The P11 is, indeed, a cool air pistol. It’s the younger brother of the Beeman P1 but sports a two-tone color scheme, snazzier laminated grips, and fiber-optic sights. The P1 is available in .177 and .20 cal, while the P11 is available in .177 and .22. The picture doesn’t really do the P11 justice; the lower half of the ambidextrous laminated grips are stippled for a better grip and the bottom of the grip flares, providing a little bit of a palm shelf. In any event, I like the way the P11 looks and feels. The overall fit and finish of the matte-gray receiver and black “uppers” are, in my opinion, excellent.

If you’ve never handled a Beeman P1 or P11, there’s some stuff you have to know. First, this is a spring-piston air pistol. That means when you trigger the shot, it’s not going to behave like a Daisy 747 or a Crosman CO2 pistol. Instead, you’re going to get the whiplash recoil that is typical of a spring-piston powerplant. So don’t be surprised when it doesn’t act like a docile single-stroke pneumatic match pistol.

In addition, loading the P11 (or P1) is unusual. You start by flipping the safety (accessible from either side of the pistol) on and pulling what appears to be a hammer at the rear of the receiver. This releases the rear upper half of the receiver where the barrel is housed – the black part on the P11. Grasping the loose end, you pull it up and forward until it latches to cock the pistol. The cocking effort requires pulling the barrel assembly away from you as you open the action of the pistol, and it takes about 18 pounds of effort. Once the action is fully open and latched, slide a pellet into the breech end of the barrel and return the receiver back to its original position, snapping it locked into place.

Now, you’re ready. Just flip the safety off, ease the first stage out of the trigger, and let the good times roll. And The Lawnmower Guy was right: those fiber optic sights really light up like a neon sight . . . and that makes it sooo much easier to align the sights than the plain-old metallic sights on the P1. The P11 that Airguns of Arizona sent me to play with was the .22 version, and I find it smoother to shoot than the .177 version I once owned. I don’t know why that is. Certainly the velocity of the .22 is lower than the .177. For example, you might expect 415 fps with 14.3 grain .22 Crosman Premier pellets and around 520 fps with 7.9 grain .177 Crosman Premier Light pellets (on high power – the .177 version offers two cocking positions for two different levels of power.)
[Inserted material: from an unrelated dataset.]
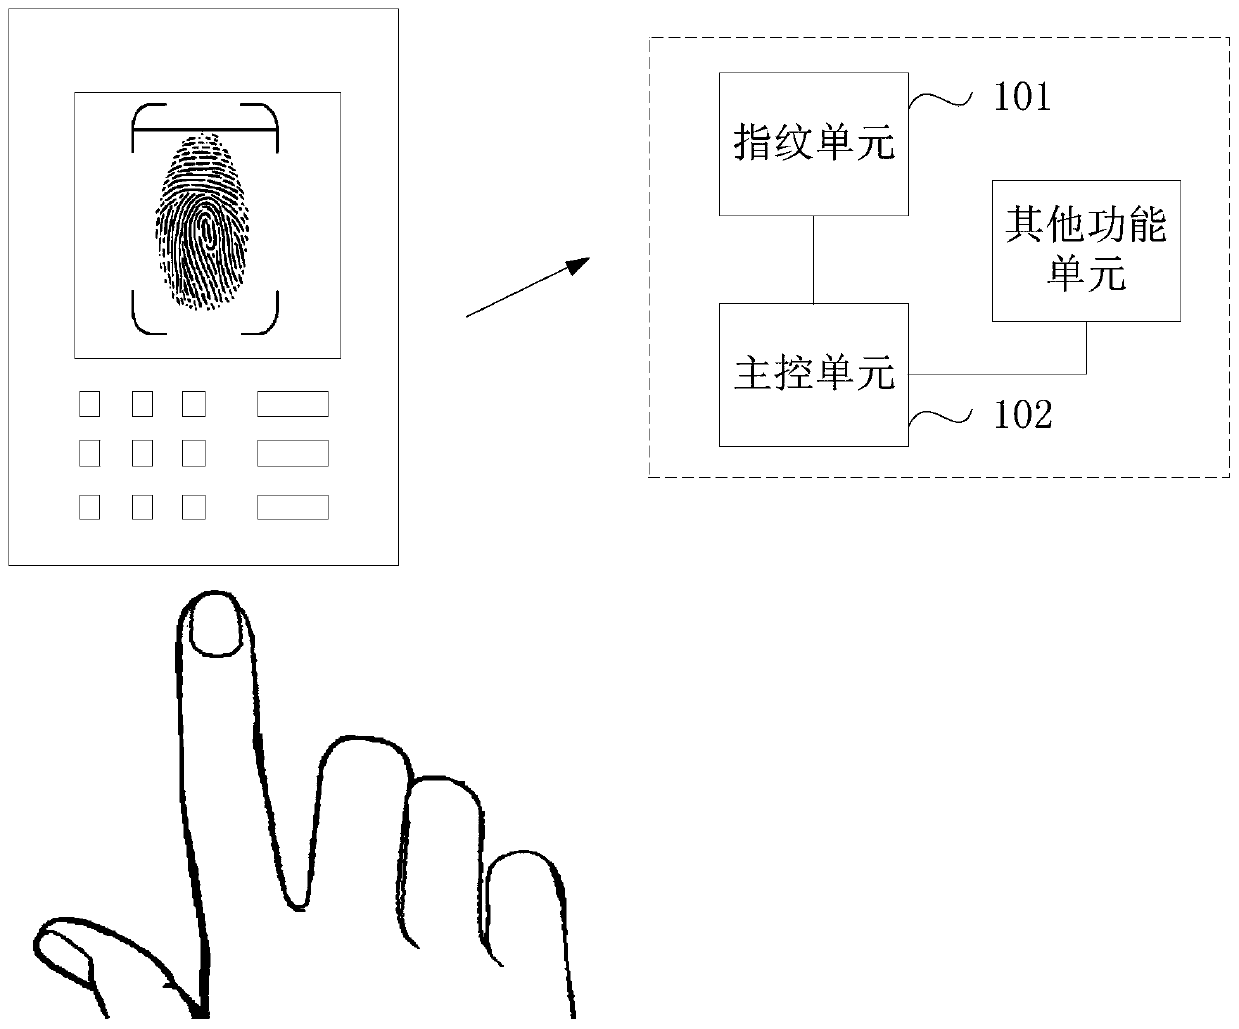 Fingerprint registration method and device and fingerprint verification method and device
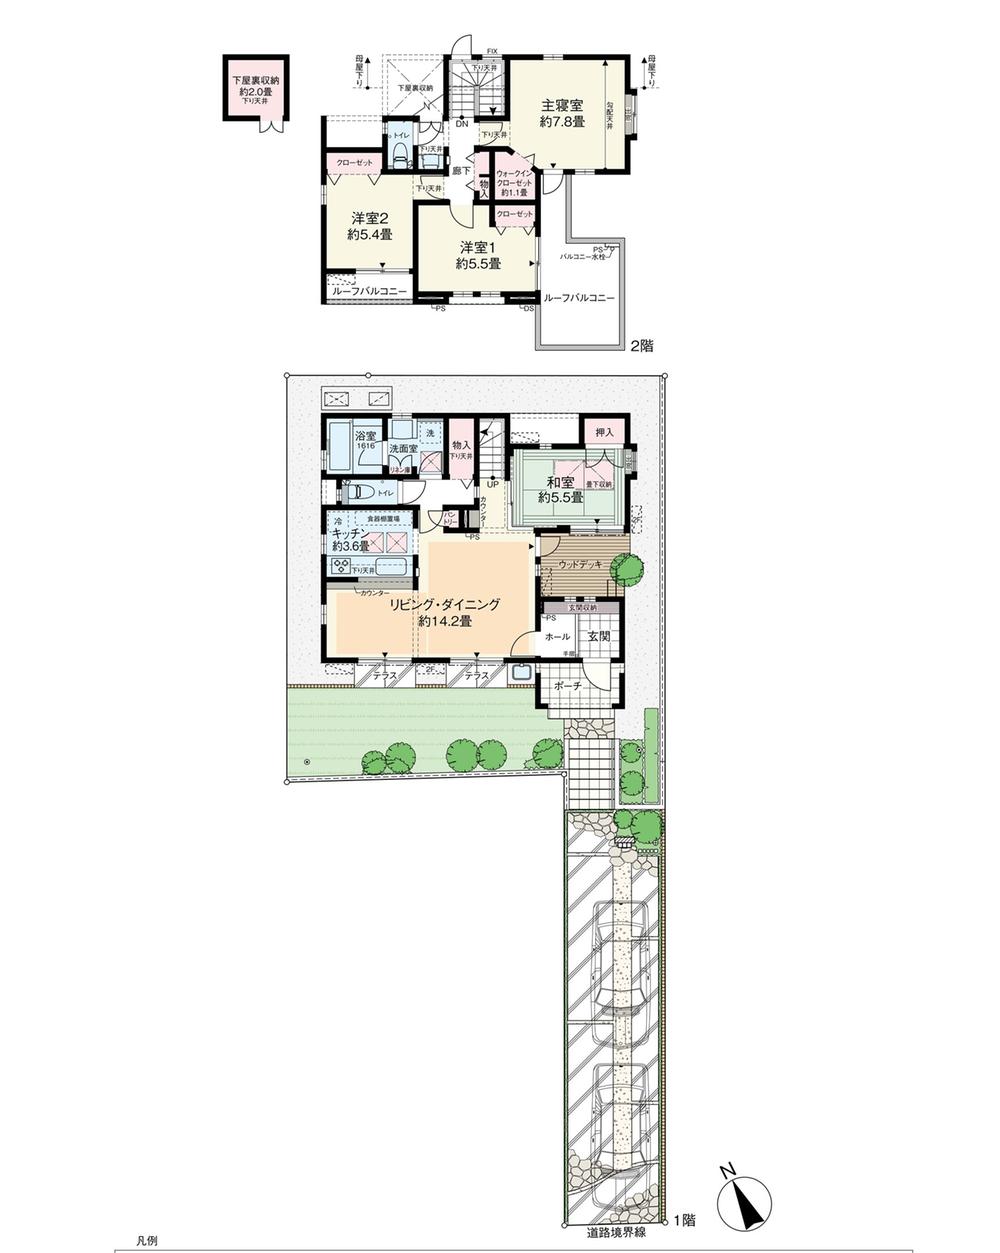 Floor plan. (11-12), Price 50,600,000 yen, 4LDK, Land area 174.6 sq m , Building area 107.24 sq m

Whatever the reason, I find the P11 in .22 to be one of those “salted peanuts” guns – you can’t stop with just a few shots. You say to yourself, “Just five more shots, then I’ll go in.” The next thing you know, an hour and a half a tin of pellets has magically disappeared. But somehow you don’t mind.

Til next time, aim true and shoot straight.

PS There will be a follow up Blog on the UJ Challenge in the near future.